Task instructions
From the records below, extract only the lines running from the line with "Cut Resistant Gloves, Level" to the line with "Le spectacle continue ?", both lines included, reproducing them exactly.

Task inputs Start Marker

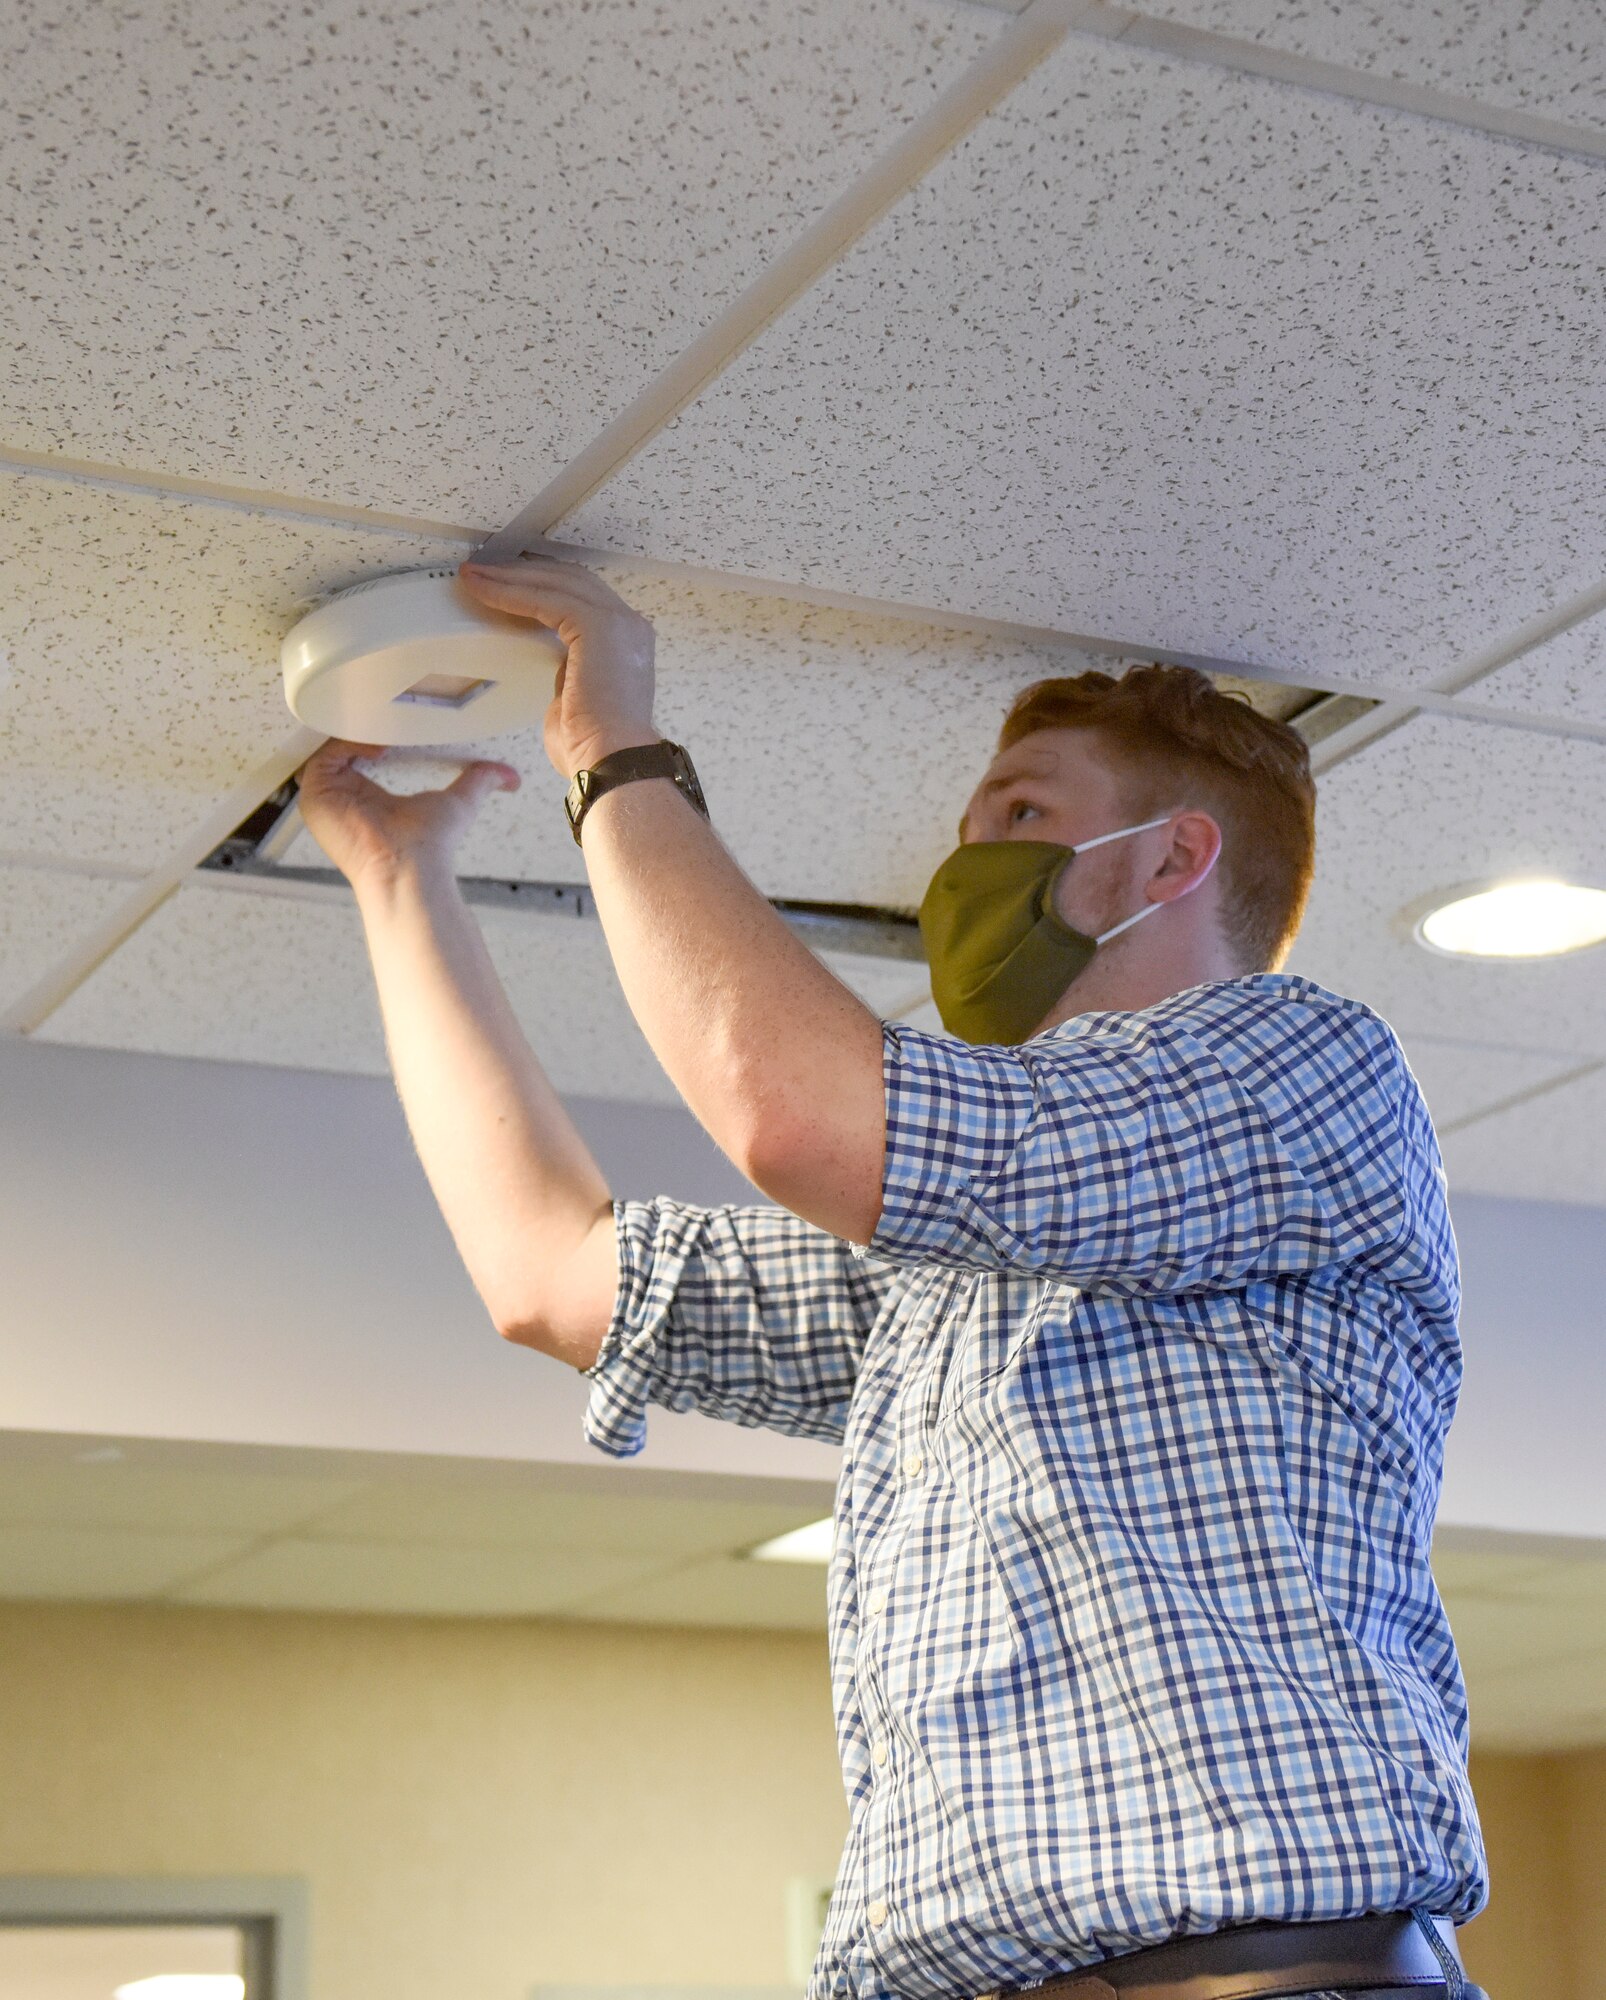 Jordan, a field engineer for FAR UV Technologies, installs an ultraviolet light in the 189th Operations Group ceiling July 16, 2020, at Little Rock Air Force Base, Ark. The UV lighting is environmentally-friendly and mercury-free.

Task inputs End Marker
Task inputs Start Marker

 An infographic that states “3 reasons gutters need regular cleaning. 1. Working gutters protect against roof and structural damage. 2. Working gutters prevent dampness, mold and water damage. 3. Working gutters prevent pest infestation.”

Task inputs End Marker
Task inputs Start Marker

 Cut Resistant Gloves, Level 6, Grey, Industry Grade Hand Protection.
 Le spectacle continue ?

Task inputs End Marker

Task response
 Cut Resistant Gloves, Level 6, Grey, Industry Grade Hand Protection.
 Le spectacle continue ?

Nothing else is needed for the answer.